In many other jurisdictions where equivalent restrictions on financial assistance exist, the legislation typically prescribes a process to override the restriction in certain circumstances. The New Law, however, does not contemplate such a process, meaning that, on the face of it, the prohibition is absolute.

V. RELATED PARTY TRANSACTIONS

The New Law also introduces the concept of related party transactions. Related parties are defined by the New Law as (i) companies in which a director, chairman, senior executive manager or employee holds at least 30% of the share capital and (ii) subsidiary, associated and sister companies. Article 152 prohibits a person from utilizing information they possess due to their membership or occupation to achieve any interest for themselves or a third party as a result of dealing in securities and any other transactions. While this is similar to restrictions on insider trading in western jurisdictions, the ambit of this article appears broader, as “other transactions” are not defined.

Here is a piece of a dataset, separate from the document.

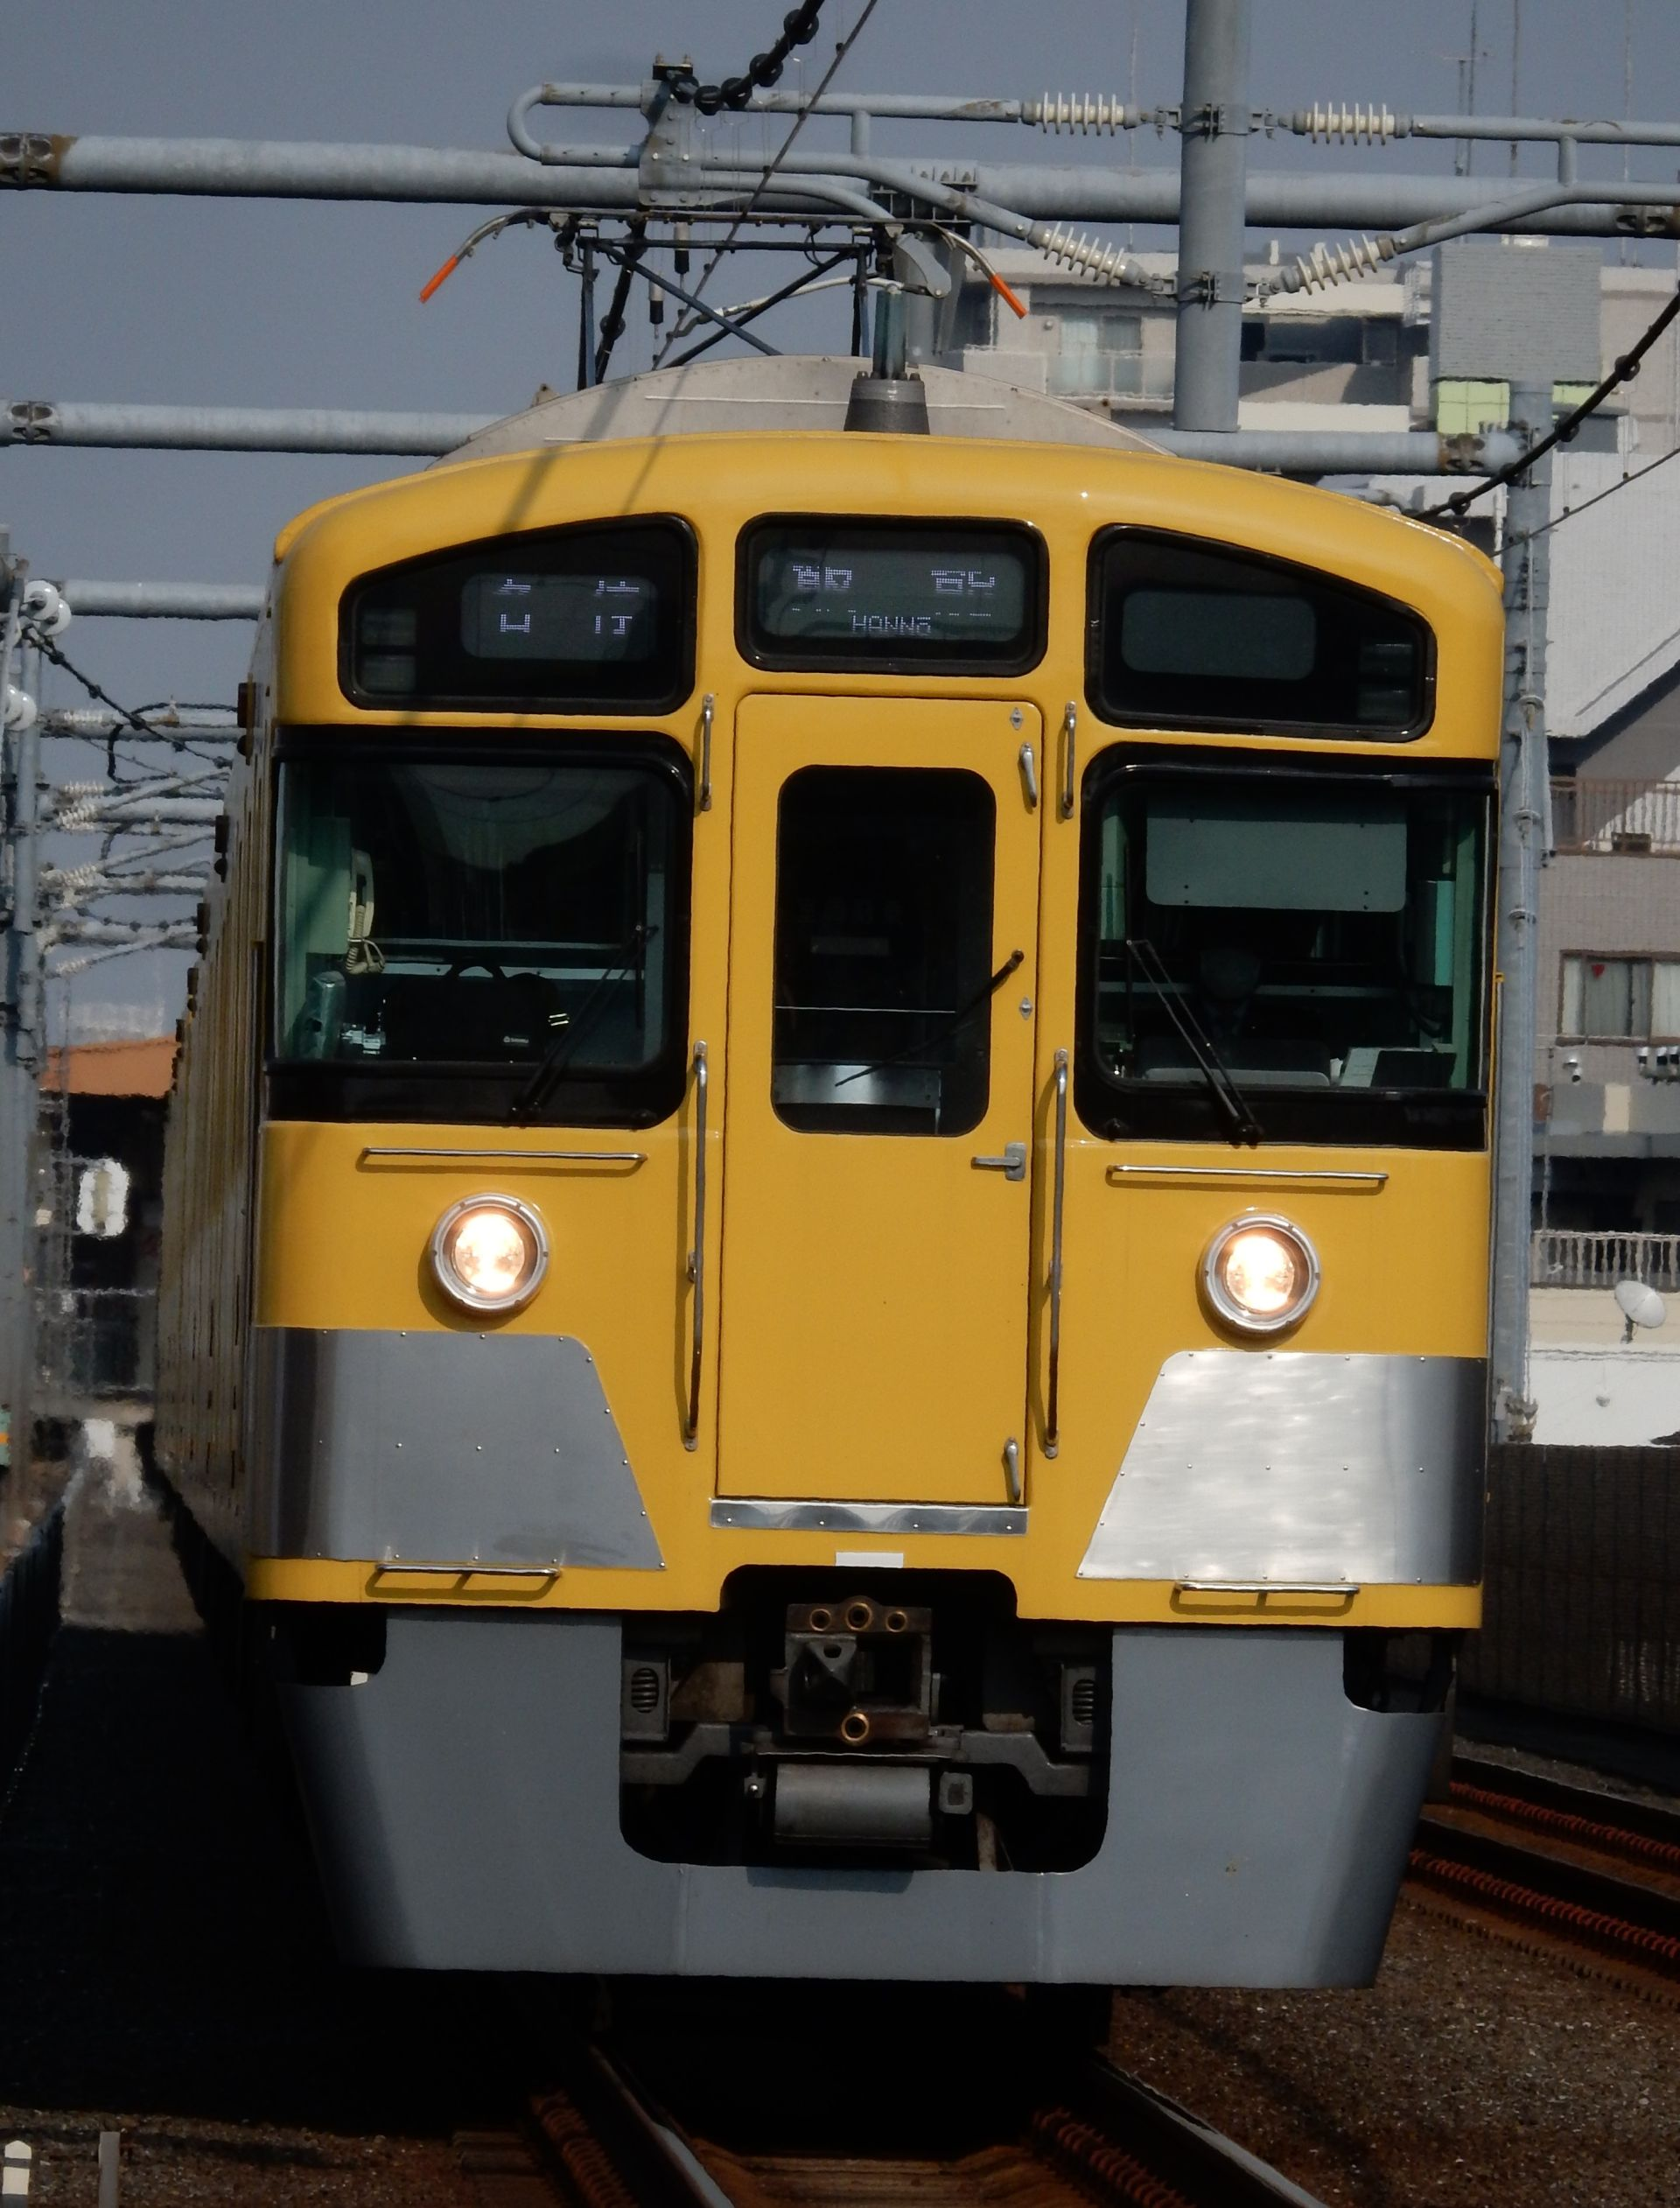 DSCN5795 - コピー
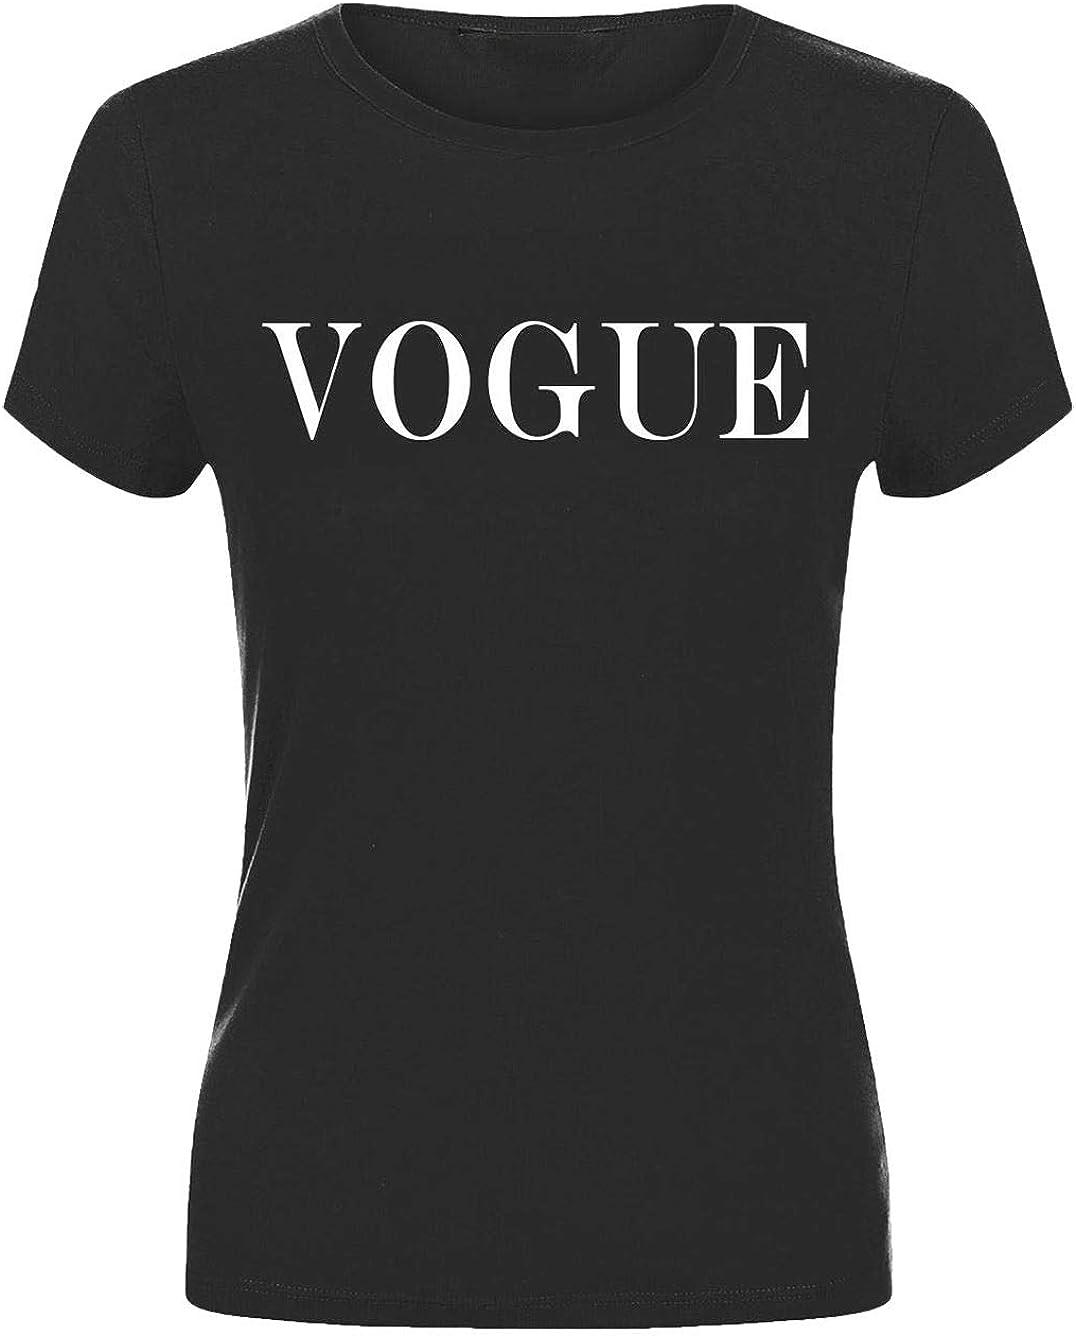 3XL Islander Fashions T-Shirt col Rond Imprim pour Femmes avec Slogan Vogue Womens Party Wear Manches Courtes Top S

Additionally, related party transactions that exceed 5% of the company’s share capital require board and shareholder approval. The New Law also states that such transactions shall be evaluated by an assessor approved by the SCA (though there is no information on who may be the assessor or how they are appointed). Given the overlapping relationships and prevalence of multiple family businesses and corporate appointments in the UAE, companies should take these changes into consideration and develop systems to show segregation of interests and independent decision making.

VI. COMPLIANCE

The New Law instructs existing companies to comply with its provisions by one year from the Effective Date (“Grace Period”), noting that the Grace Period may be extended. Notwithstanding other specific penalties prescribed under the New Law, Article 374 states that if a company fails to make the necessary changes in order to comply with the New Law, the company shall be dissolved in accordance with the provisions of the New Law. Article 374 does not distinguish between significant and technical breaches of the New Law and this will likely be a point for further consideration and perhaps secondary legislation.